** TASK BRIEF **
Look below for the line that contains "TPC Harding Park", then copy it and each following line exactly, through and including the line that contains "data and specifications".

** SUPPLIED MATERIAL **
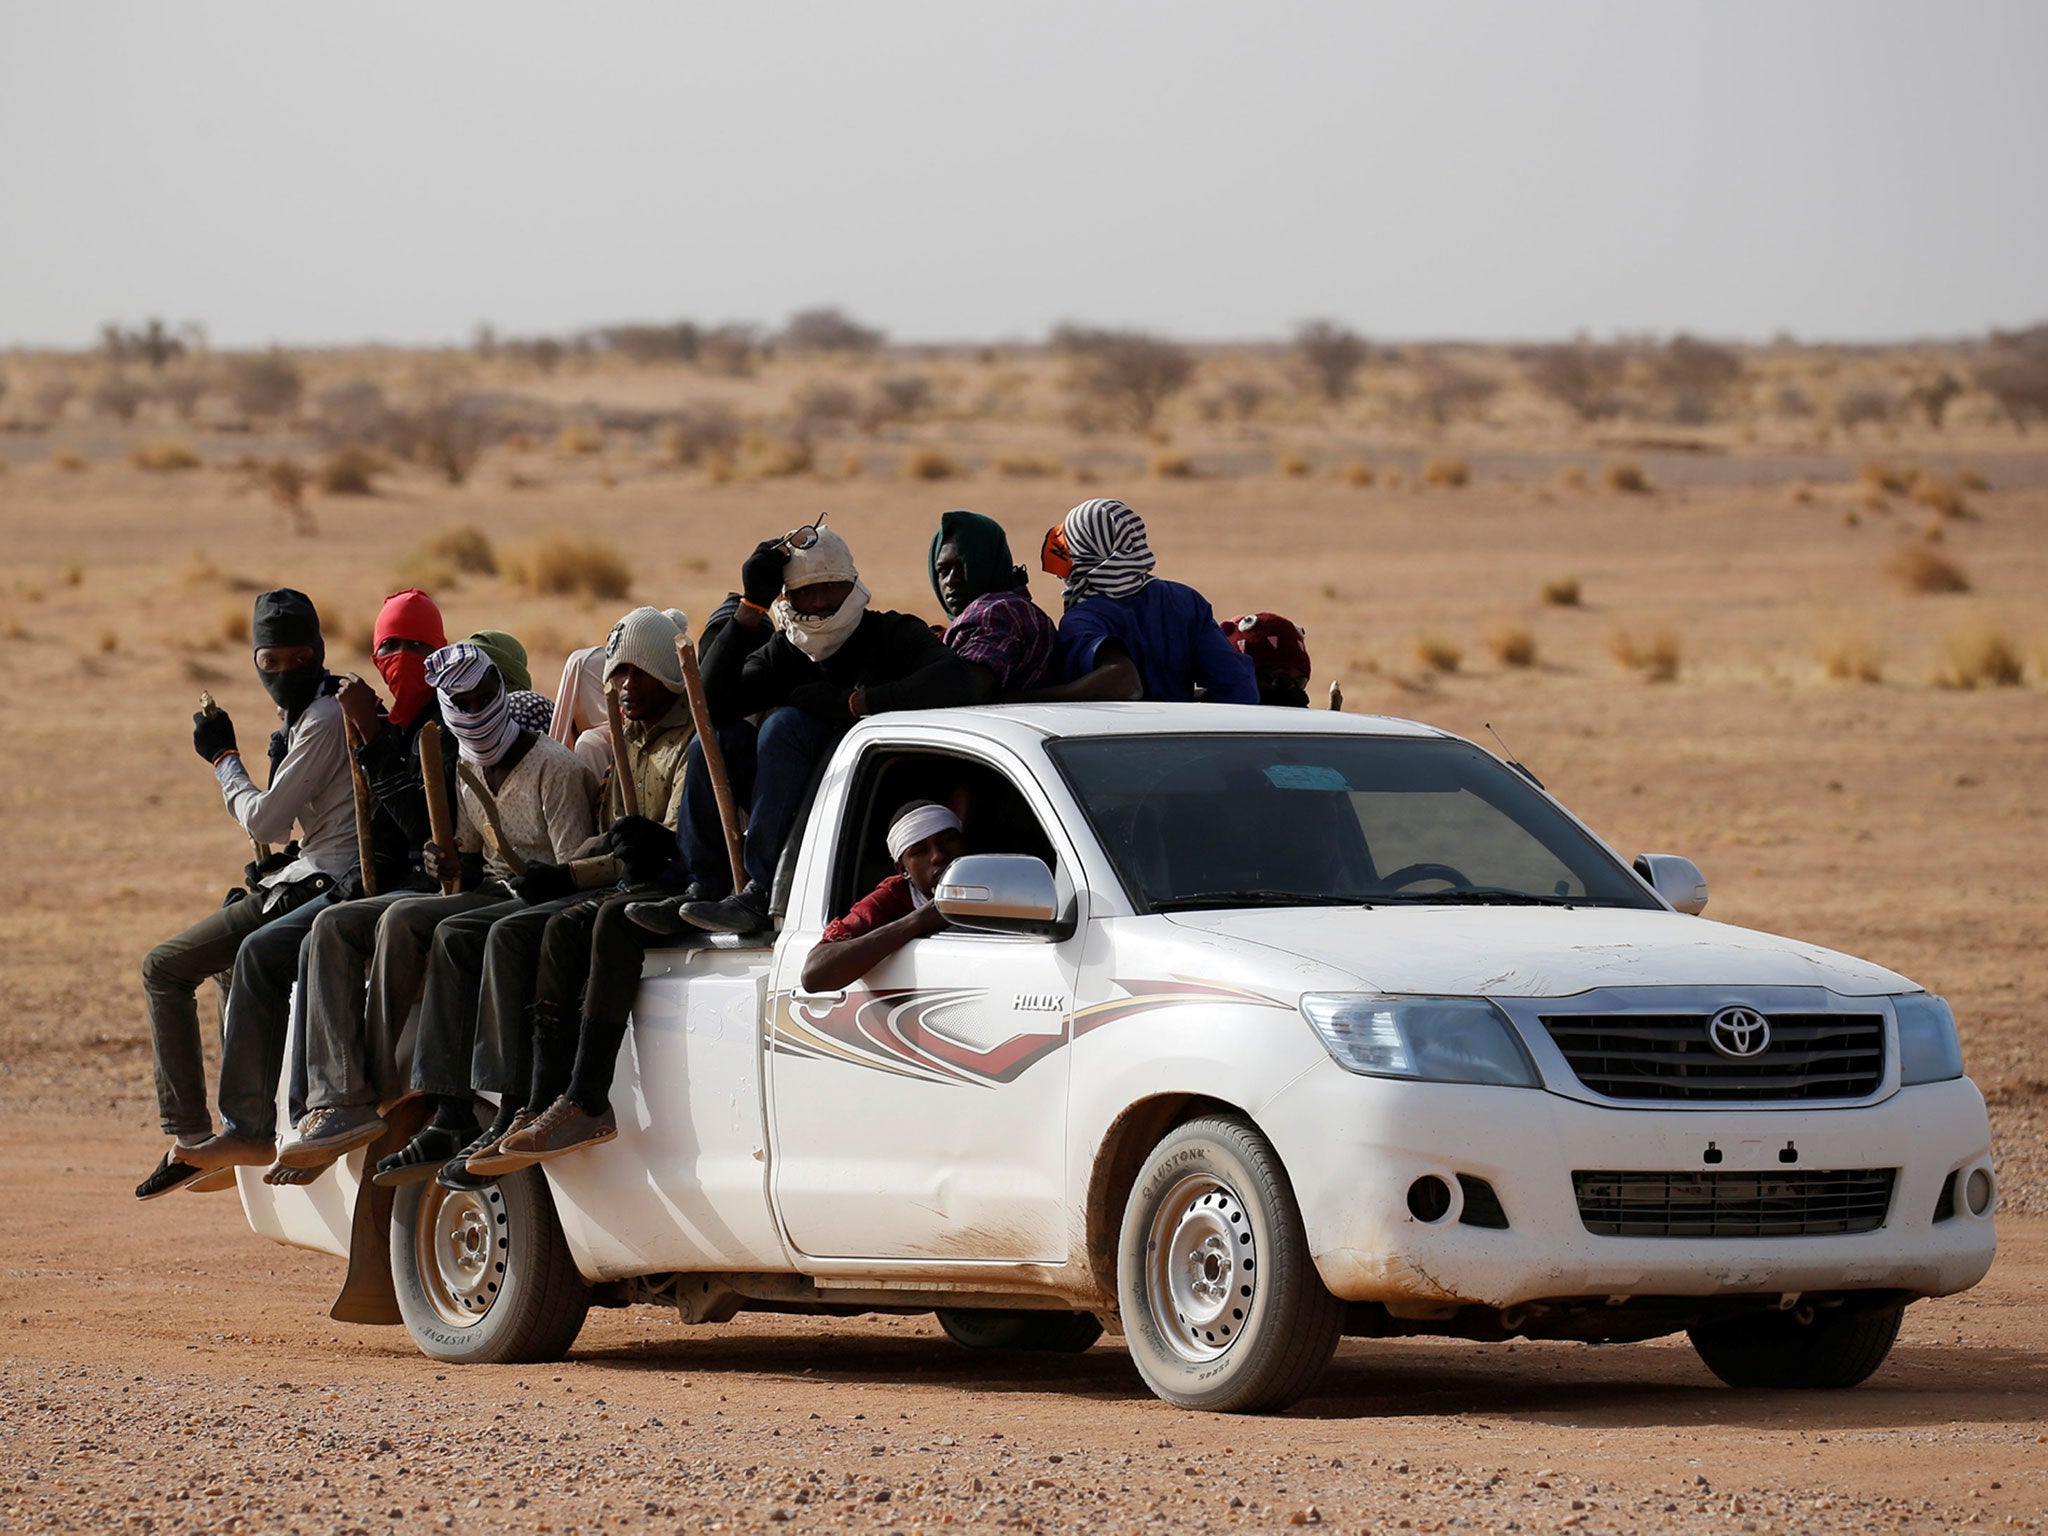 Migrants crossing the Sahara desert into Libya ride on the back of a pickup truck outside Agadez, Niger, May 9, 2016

* * *

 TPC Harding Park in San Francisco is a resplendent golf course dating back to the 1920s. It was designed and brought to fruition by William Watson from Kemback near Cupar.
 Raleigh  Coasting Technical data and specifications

--

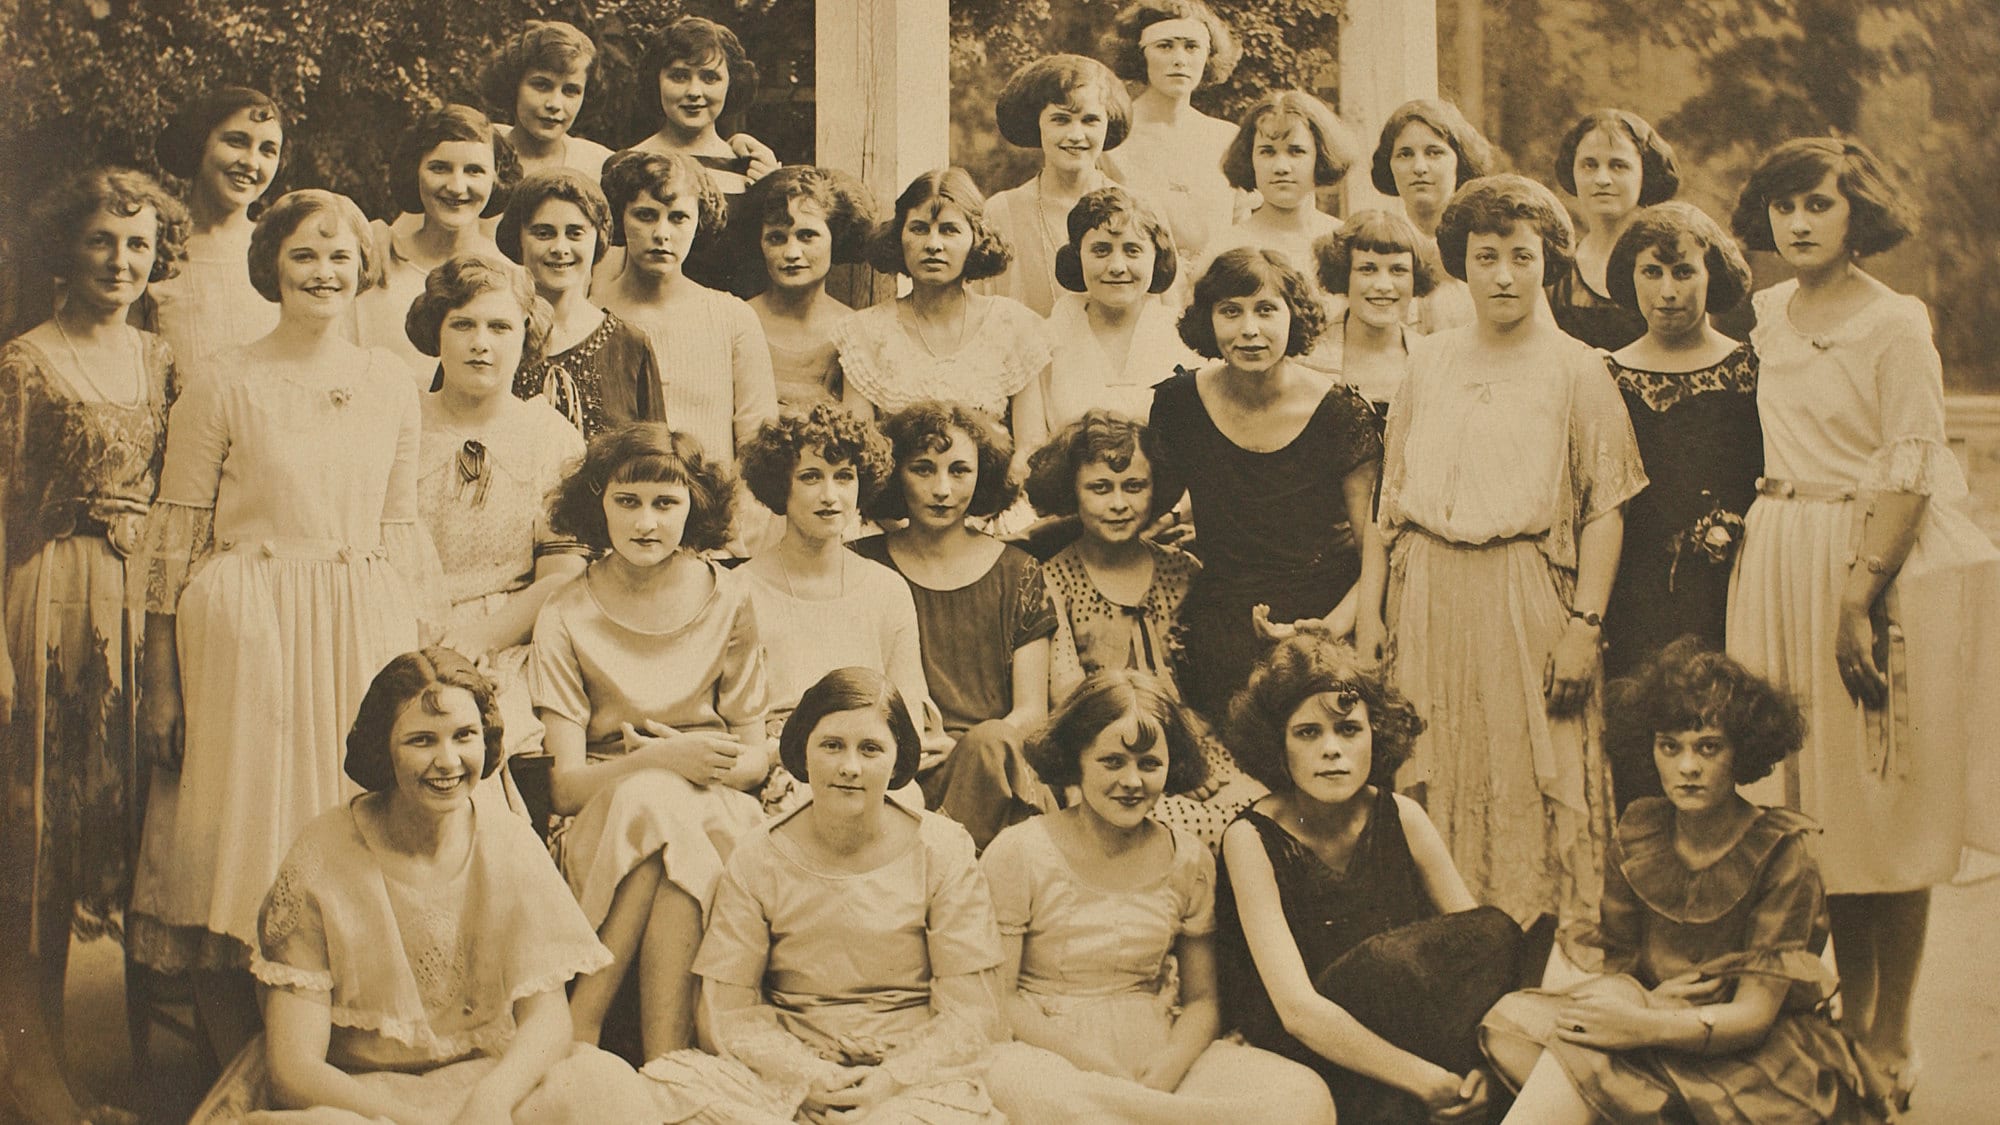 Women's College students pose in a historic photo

** RESULT OF THIS EXERCISE **
 TPC Harding Park in San Francisco is a resplendent golf course dating back to the 1920s. It was designed and brought to fruition by William Watson from Kemback near Cupar.
 Raleigh  Coasting Technical data and specifications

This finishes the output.